What I don't understand is why you conservatives like bitcoin. It has the potential to hamper the government's ability to monitor citizens like a good big brother. There is little accountability resulting in single citizens not paying their taxes, forcing the higher taxation of big businesses and the wealthy who own those businesses. How could you like this? Why are you here? Why don't you just keep supporting the US dollar or other fiat currencies since it enables the existence of the military industrial complex?  //end sarcasm

You have no idea what leftist values are.

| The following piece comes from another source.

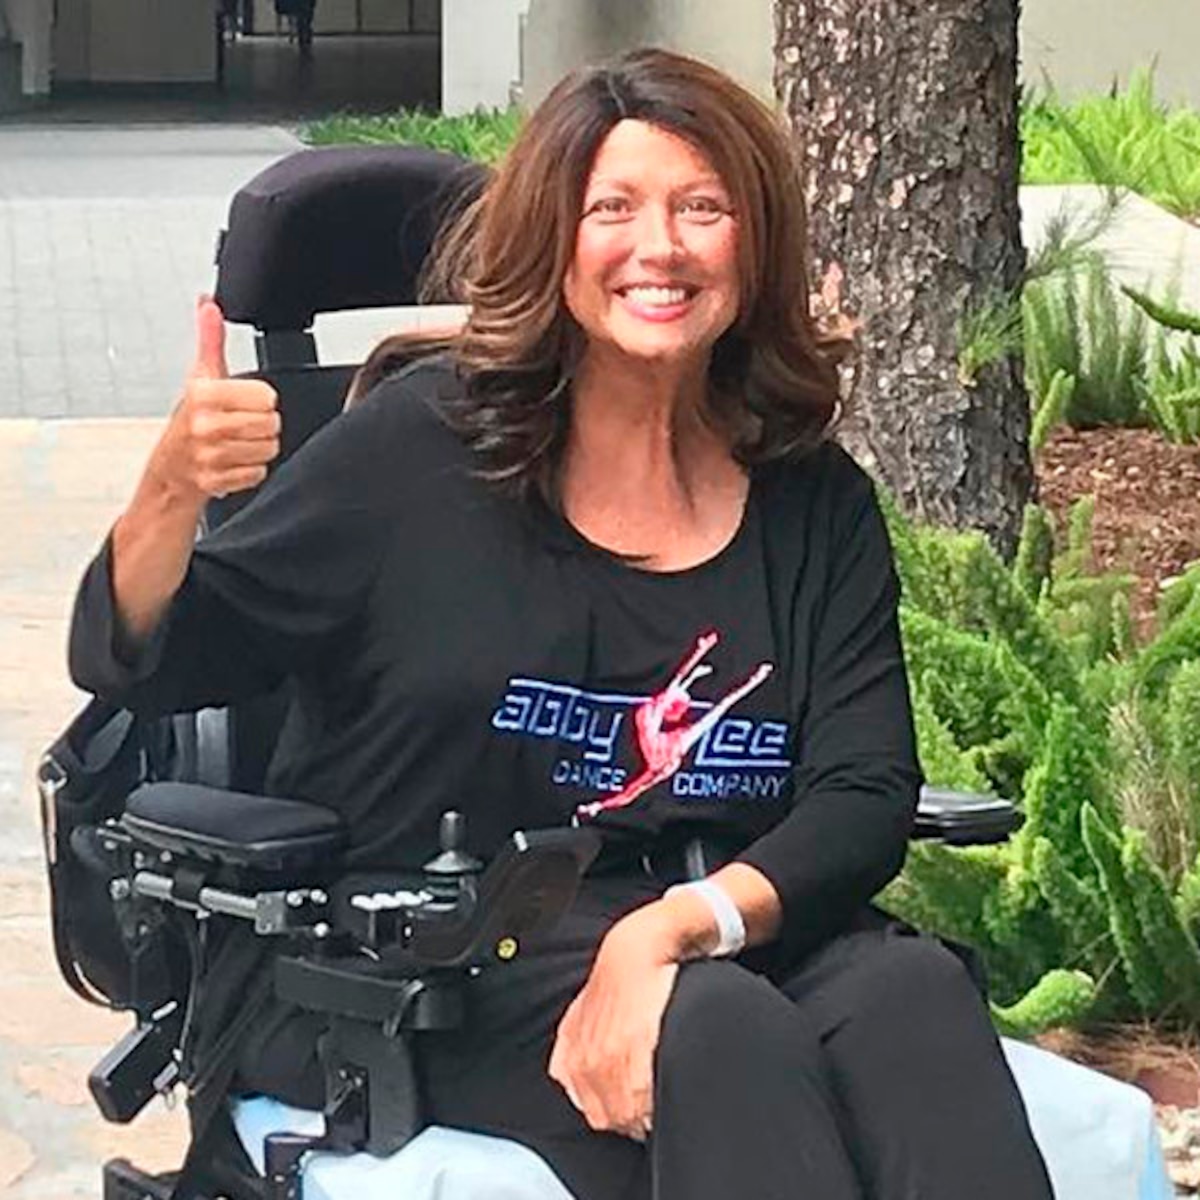 What's Next in Abby Lee Miller's Health Journey - E! Online
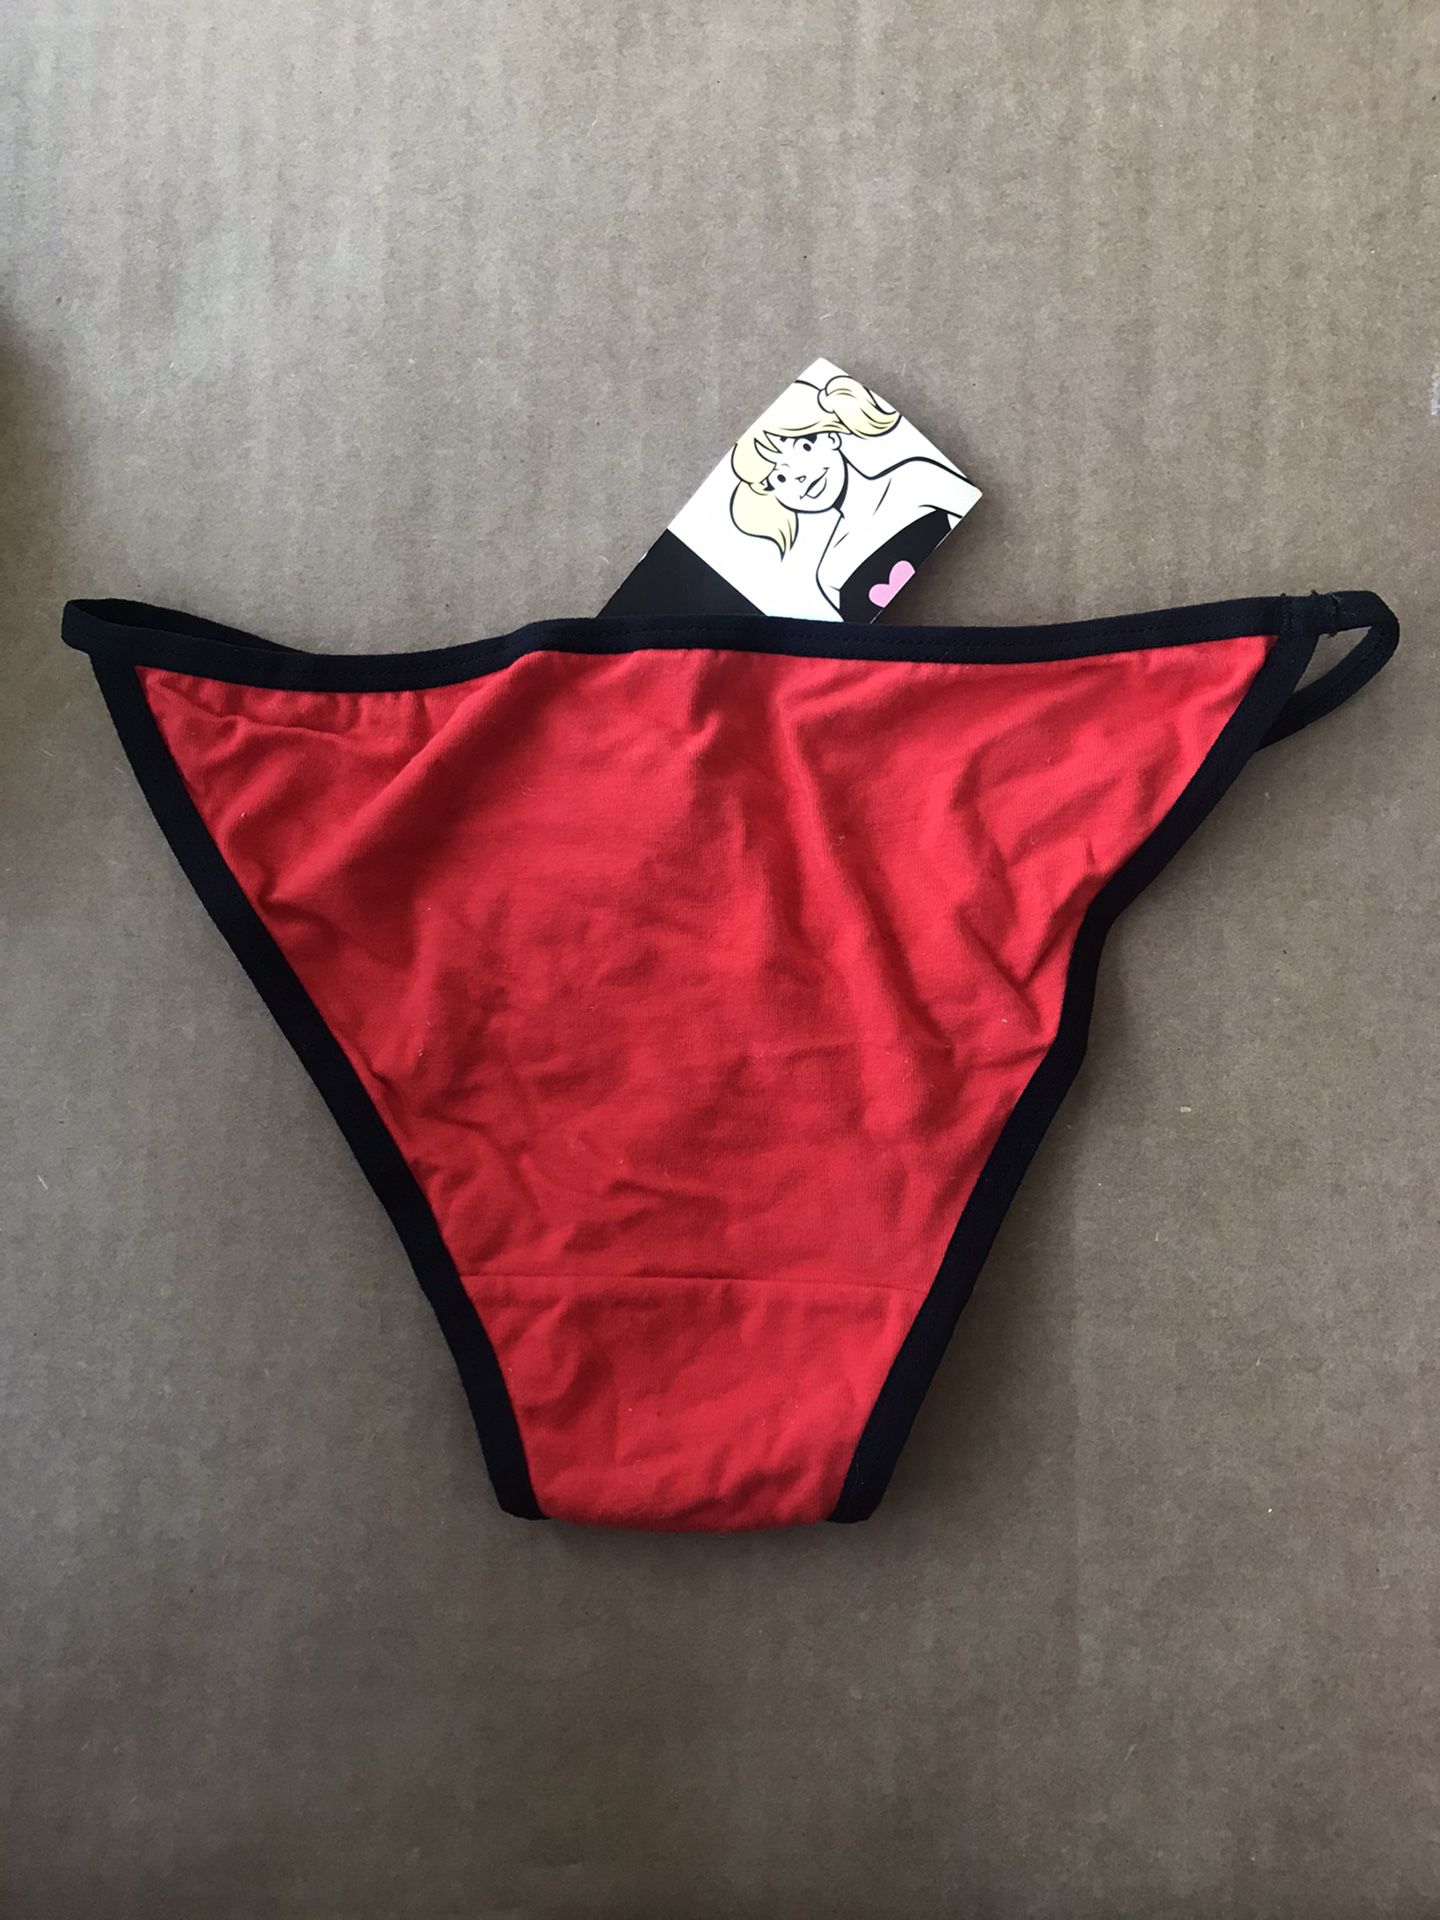 Women’s Panties for Sale in Lincolnwood, IL - OfferUp

Title: Re: Liberals, why do you like Bitcoin?
Post by: bstewart on October 03, 2017, 08:48:59 PM
...
Crypto is wholly antithetical to all leftist values.
...

What I don't understand is why you conservatives like bitcoin. It has the potential to hamper the government's ability to monitor citizens like a good big brother. There is little accountability resulting in single citizens not paying their taxes, forcing the higher taxation of big businesses and the wealthy who own those businesses. How could you like this? Why are you here? Why don't you just keep supporting the US dollar or other fiat currencies since it enables the existence of the military industrial complex?  //end sarcasm

You have no idea what leftist values are.

Yes, I do know what leftist values are and crypto is anything but. Apparently you don't understand anything outside of leftism because I lean libertarian, not conservative (ie republican), which was obvious from my initial post about Tom Woods and anarcho-capitalism.

Your sarcasm was cute though, since leftists love the top 1% just as much, if not more than, republicans. Follow the money and the donations.


Title: Re: Liberals, why do you like Bitcoin?
Post by: sandler425 on October 04, 2017, 01:57:00 AM
If I had to guess....they don't? 


Title: Re: Liberals, why do you like Bitcoin?
Post by: Sturdy on October 04, 2017, 07:18:20 AM
my answer is very simple, many people and I am also interested in bitcoin because of its expensive price, so many people are interested to get it like mining and trading bitcoin. as well as ease of use.


Title: Re: Liberals, why do you like Bitcoin?
Post by: LeonardoDiCrypto on October 31, 2017, 11:51:57 PM
Why would especially American liberals like bitcoin? From what I see on this forum, most of Bitcoin adopters are not American at all, and the word "Liberal" is very American, makes little sense out of America where you'd have different political labels.